Later on I went upstairs onto the roof terrace, and that was a bit of a special moment: the mountain skylines clearly visible by moonlight alone, the bats flitting around the neon signs, unspoilt nature stretching to the horizon in every direction, and no sound but the chirping of the cicadas. Really, it's a shame to be travelling by myself at times like that. But seeing it alone is better than never seeing it at all.

Santa Elena Canyon

View from the top of the Lost Mine Trail

Tuff Canyon.
It's rock.

Edd vs Food, #2.
Tacos de alhambre at the High Sierra Bar and Grill.

When I woke up in my Alpine motel, I discovered that I hadn't been sleeping alone.
Credit-card size room key included for size comparison.

Friday, 26 April 2013

Ciudad Juárez, Mexico


Ciudad Juárez - the place where Mexico's drug gangs meet up to resolve their differences - was officially the world's most dangerous city, outside of declared war zones, in 2009. Things have calmed down slightly since then but it's still pretty much off-limits to travellers. Which is why I'm staying over the border in Texas, in El Paso. The two cities form one huge conurbation divided by a wide and very securely fenced border. El Paso itself is safe as houses.

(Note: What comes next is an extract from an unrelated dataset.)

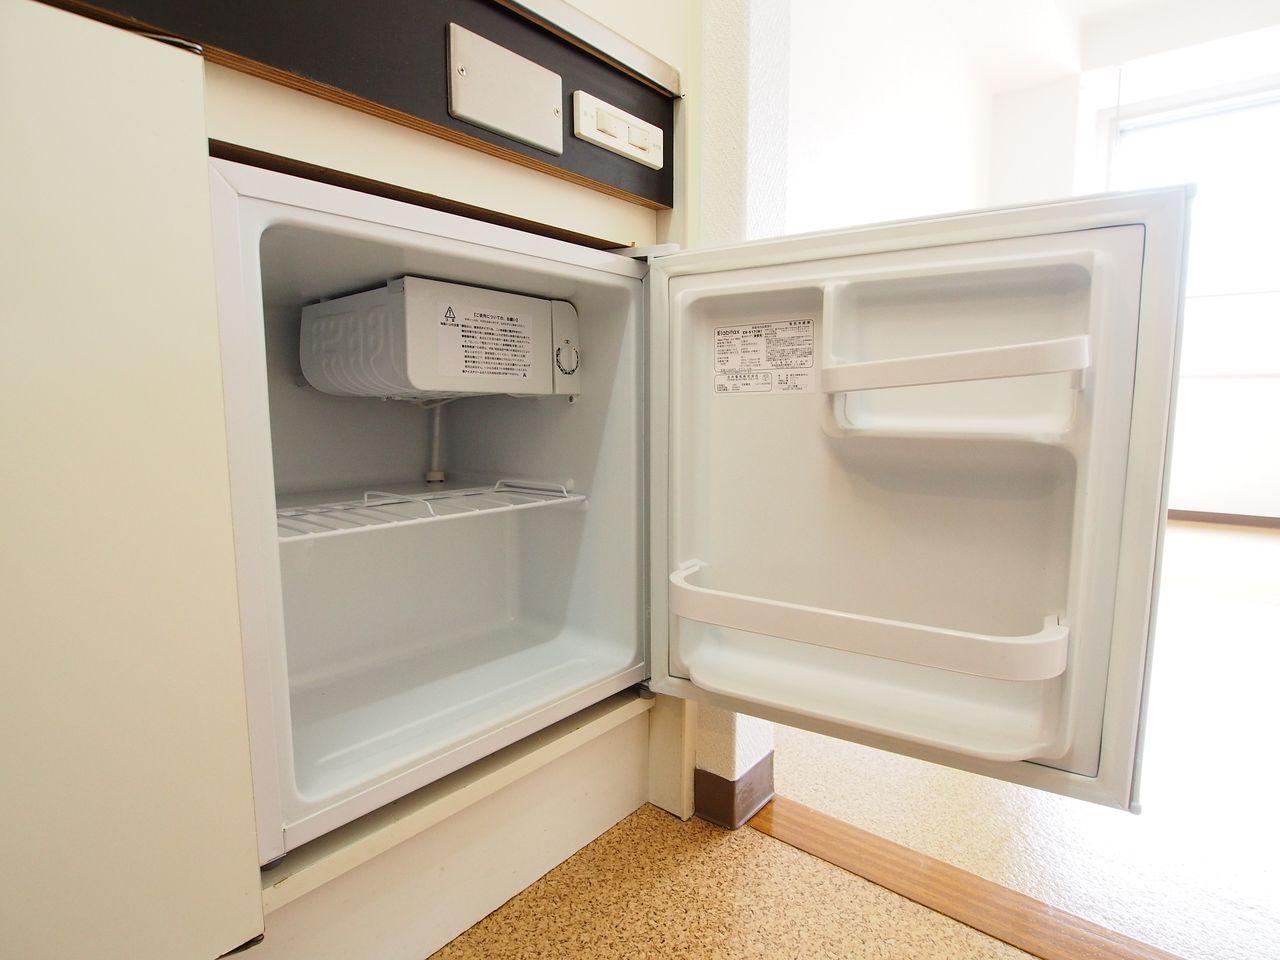 飲み物のストックに便利なミニ冷蔵庫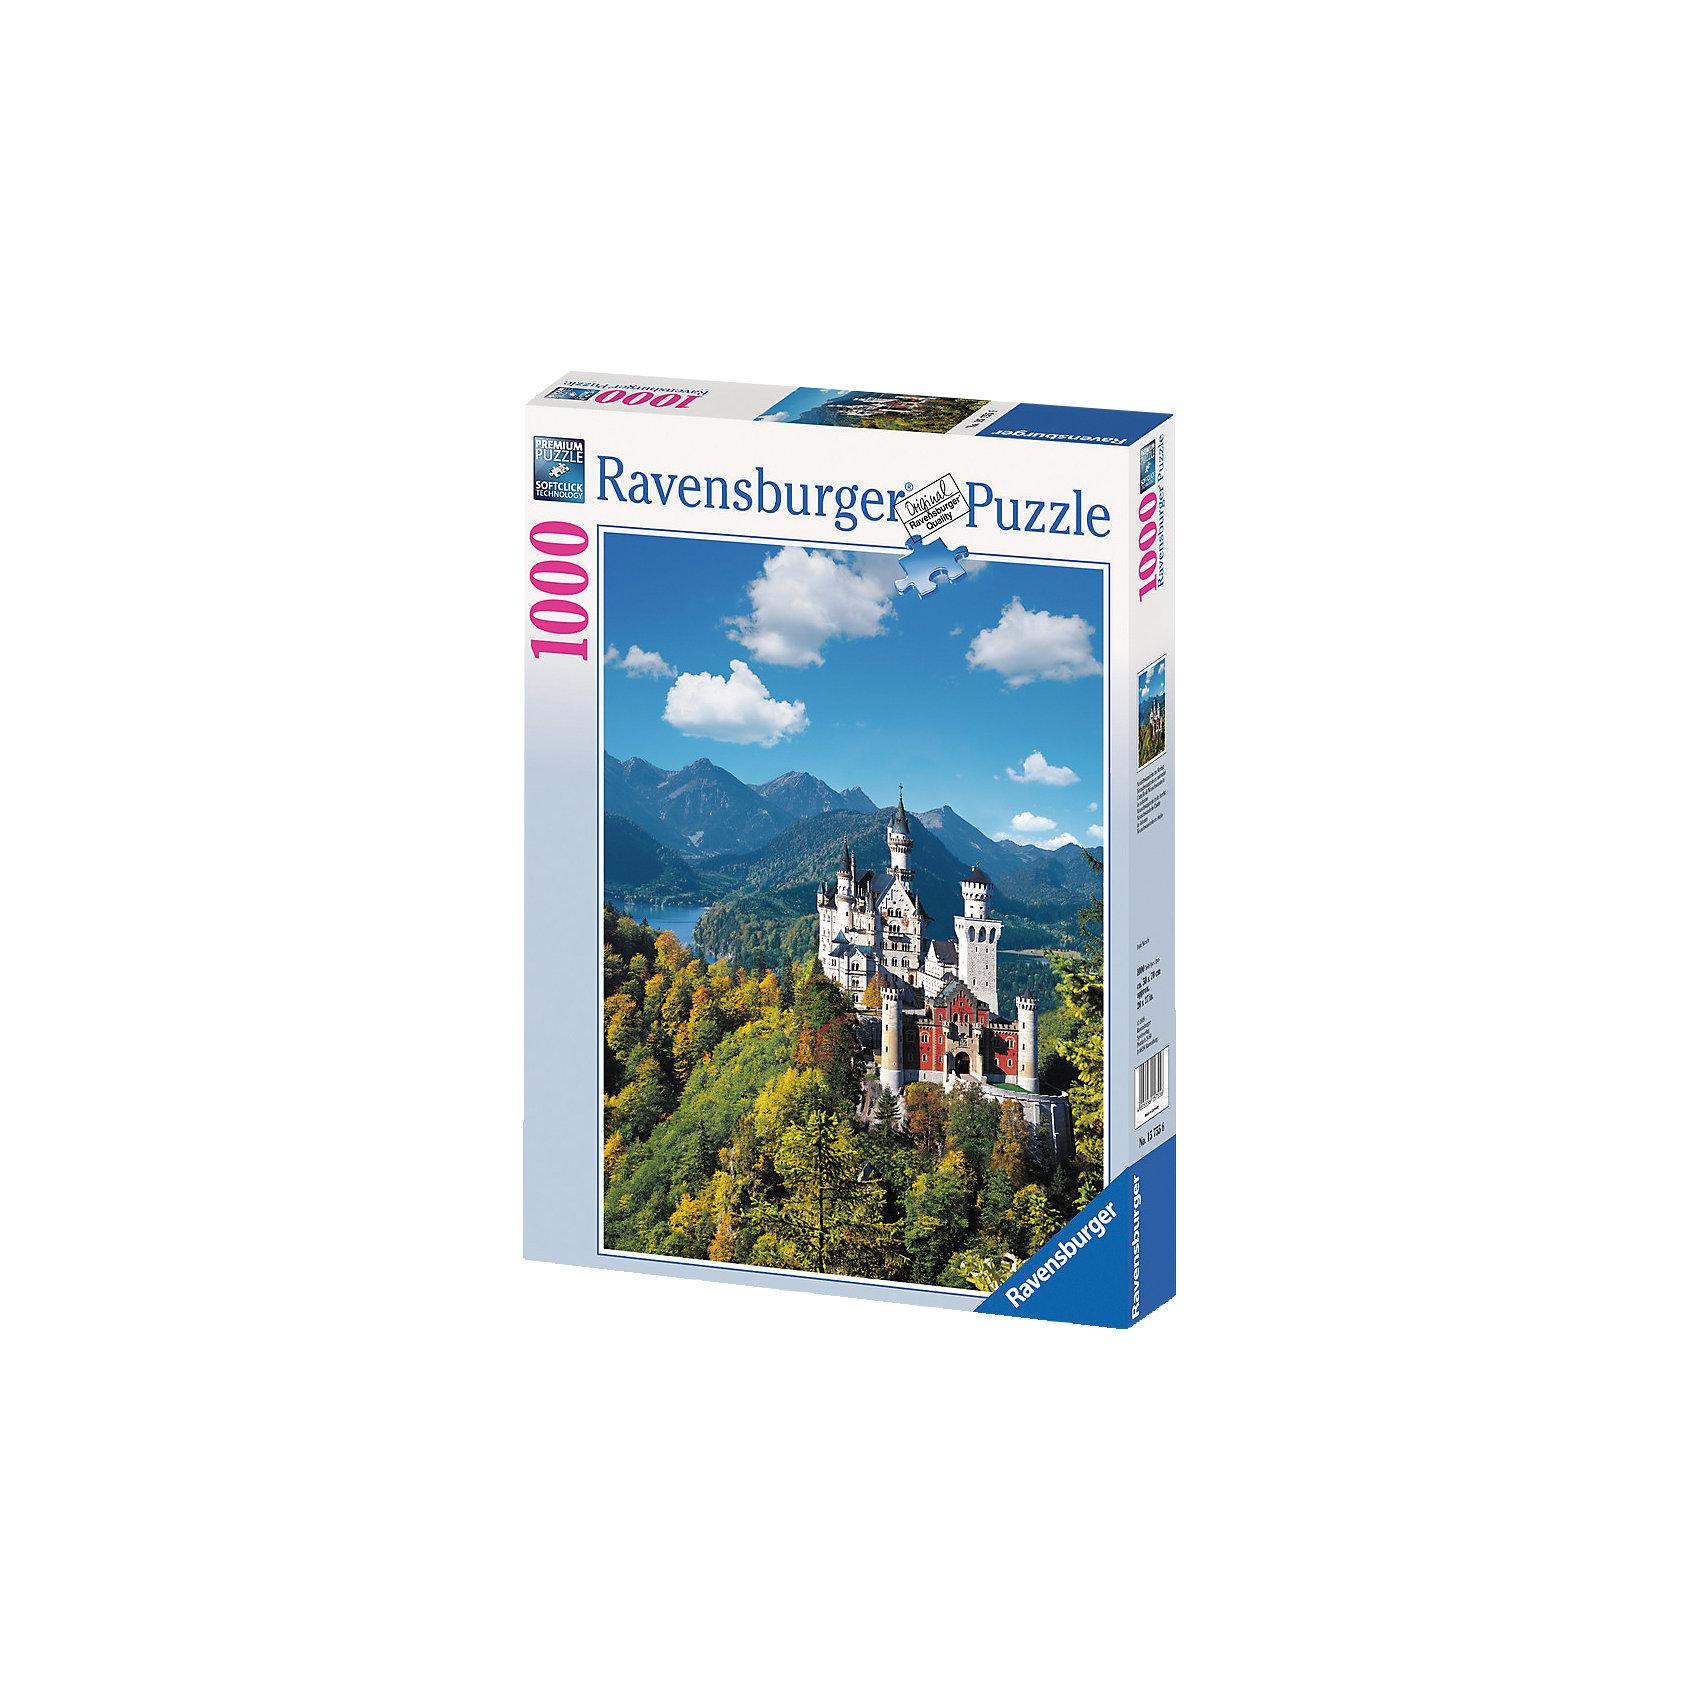 Пазл Замок Нойшванштайн Ravensburger, 1000 деталейВеликолепный замок Нойшванштайн в юго-западной Баварии является одним из самых популярных туристических мест в Германии. Принято считать, что именно здесь у Чайковского родился замысел балета Лебединое озеро. Существуют также предположение, что Нойшванштайн явился источником вдохновения для строительства замка Спящей Красавицы в Парижском Диснейленде.<br><br>Немецкая компания Ravensburger предоставляет Вам отличную возможность собрать этот поражающий красотой замок, не выходя из дома. Любители собирать пазлы непременно будут довольны отличным качеством полиграфии, яркими цветами, а также идеальной стыковкой элементов. Первоклассная техника штамповки гарантирует, что каждая деталь идеально встанет на свое место, картинка будет прочно фиксироваться при сборке и не сломается, если ее случайно задеть.<br><br>Вы также можете приобрести в нашем интернет-магазине специальный клей для пазлов Puzzle-Conserver Permanent, который позволит зафиксировать собранную картинку.<br><br>Собирайте пазлы от Ravensburger и наслаждайтесь красивейшими уголками мира!<br><br>Количество элементов: 1000<br>Размер готовой картинки: 70 x 50 см<br><br>Ширина мм: 378<br>Глубина мм: 276<br>Высота мм: 58<br>Вес г: 886<br>Возраст от месяцев: 144<br>Возраст до месяцев: 228<br>Пол: Унисекс<br>Возраст: Детский<br>Количество деталей: 1000<br>SKU: 1824087

I did pop over the border crossing to take a photo, and to have an ice cream. As soon as you arrive you can feel the tension in the air, and the fear. Normally I don't mind being the only white guy on the street, but this time there was more than just curiosity in the looks I was getting, and so I was back over that bridge before I'd finished my ice cream. Annoyingly, I didn't even get a Mexico stamp in my passport.

It took a while getting back through immigration at the American end of the bridge. If anyone's ever felt like they got rough treatment when arriving in the USA by plane at JFK, well, you should try arriving on foot from Mexico when you're neither American nor Mexican. I got a very long grilling from Homeland Security...here's a word-for-word extract:

Homeland Security Man: 'Have you ever been to any camps?'
Me: 'Camps?'
Homeland Security Man: 'Terrorist training camps.'
Me: 'No.'
Homeland Security Man: 'You're sure?'
Me: 'Yes.'
Homeland Security Man: 'Hmmm.'

I suppose I can forgive them for being a bit jumpy right now.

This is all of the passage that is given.